In February, the Canadian Government led the launch of a global initiative condemning the arbitrary arrest of foreign nationals by regimes in order to exercise leverage over foreign governments. The declaration was signed by 59 countries, including Australia, but did not single out any one country. It followed countries with the highest numbers of foreign hostages such as Iran, China and, most recently, Myanmar.
Australia’s Foreign Minister Marise Payne has highlighted Australia’s opposition to foreign hostage taking and emphasised that “Australia will hold countries to account for their international commitments and the obligation to comply with international laws and practices.”
Moore-Gilbert is also trying to encourage such international efforts through a new international advocacy group, Hostage Aid Worldwide. She told the global launch of the new group that international coordination along the lines of the Canadian initiative (though she did not refer to it explicitly) is needed to stop such hostage diplomacy:
“We call on governments to take action to disrupt the hostage taking business model. A coordinated effort is needed, both in terms of strengthening international legal mechanisms and in information and best practice sharing between western states.”

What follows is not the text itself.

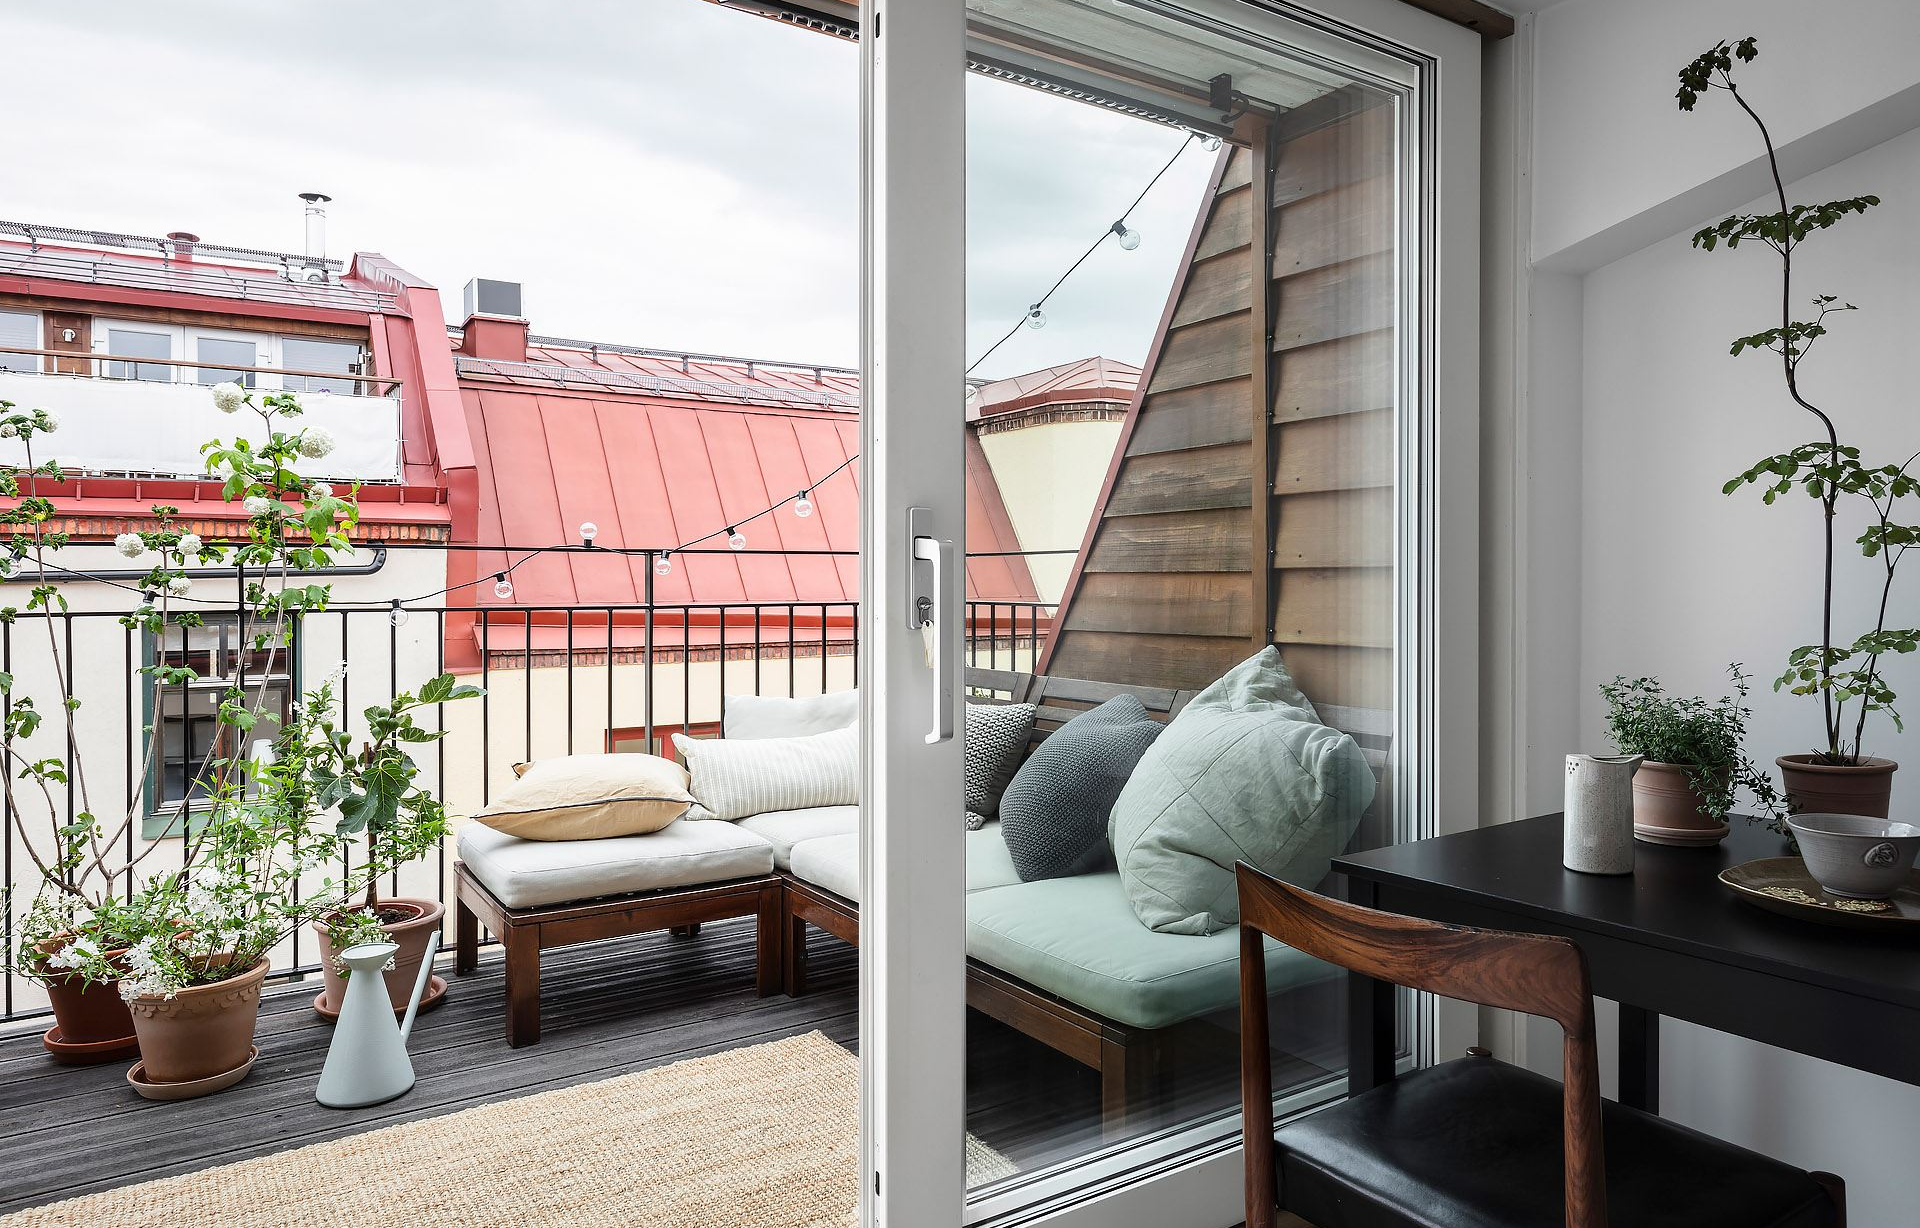 Дизайн интерьера маленького балкона - проекты, фото, идеи небольших балконов
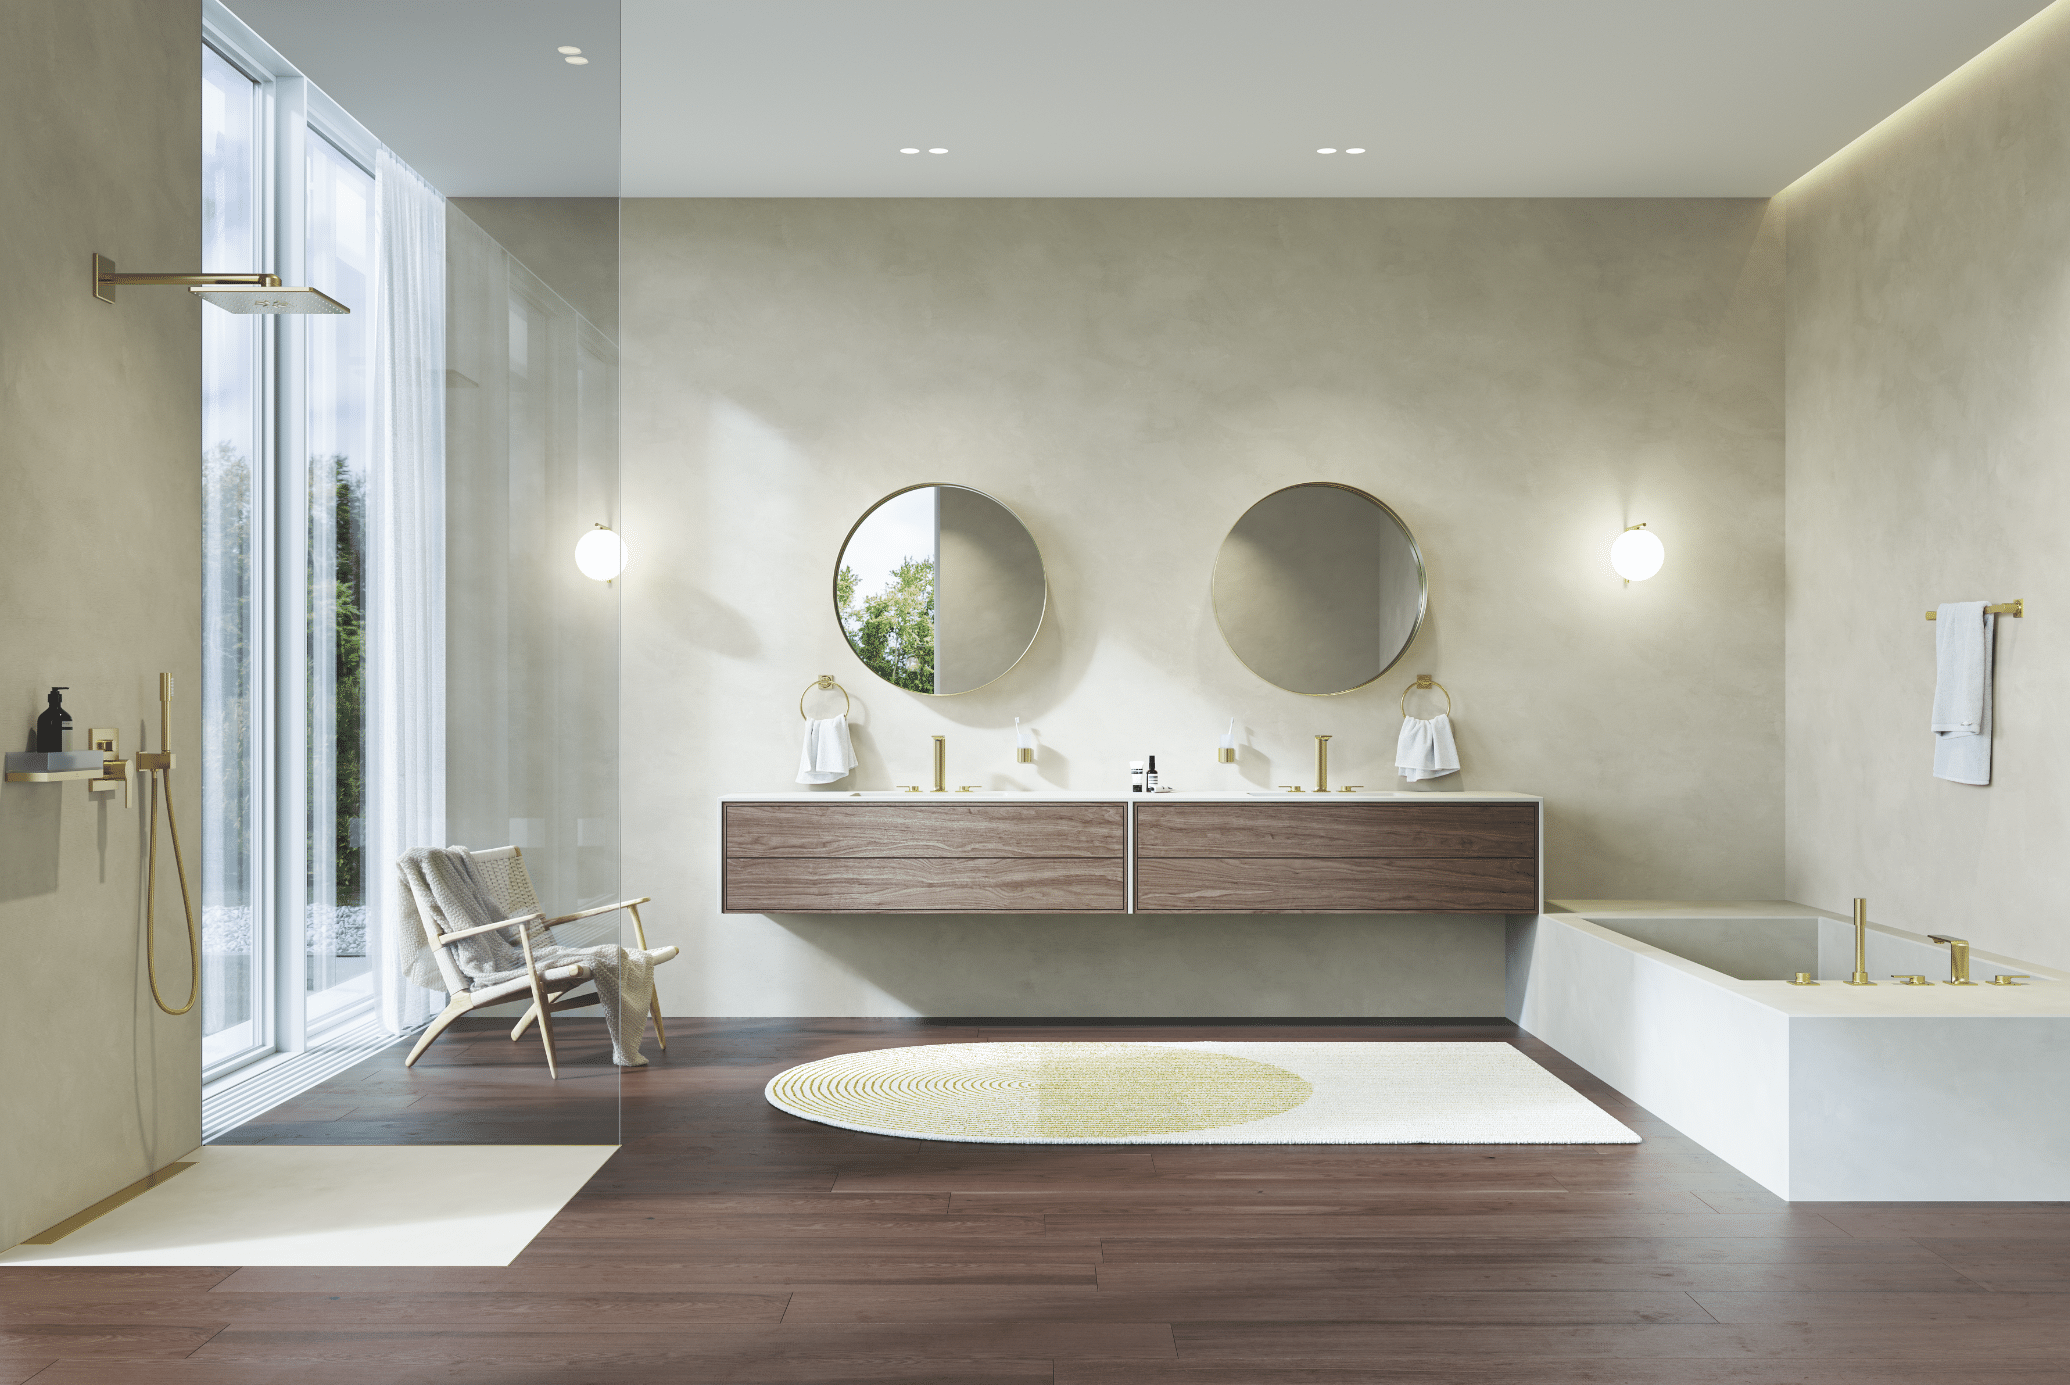 Grohe zeigt ein helles Badezimmer mit Doppelwaschtisch aus Holz mit runden Spiegeln, eine weisse Badewanne mit goldenen Armaturen und einer Dusche mit Glaswand.

Hostage Aid Worldwide’s board includes Barry Rosen, Nizar Zakka and Wang Xiyue, each of whom spent a significant amount of time in Iranian detention.
At its launch, Hostage Aid Worldwide held a panel discussion on hostage taking and the 2015 Iran nuclear deal, known as the JCPOA. This agreement, while still technically in place, is in tatters with the United States withdrawing and reimposing harsh financial sanctions in 2018, and Iran continually escalating its material breaches of the deal since 2019.
US President Joe Biden has made clear that his country will return to the deal if Iran first returns to compliance with all JCPOA commitments. However, in addition to its ongoing and increasing breaches of its JCPOA obligations, recent reports reveal that Iran continues to hide key components of its nuclear weapons program from UN inspectors, contrary to international law.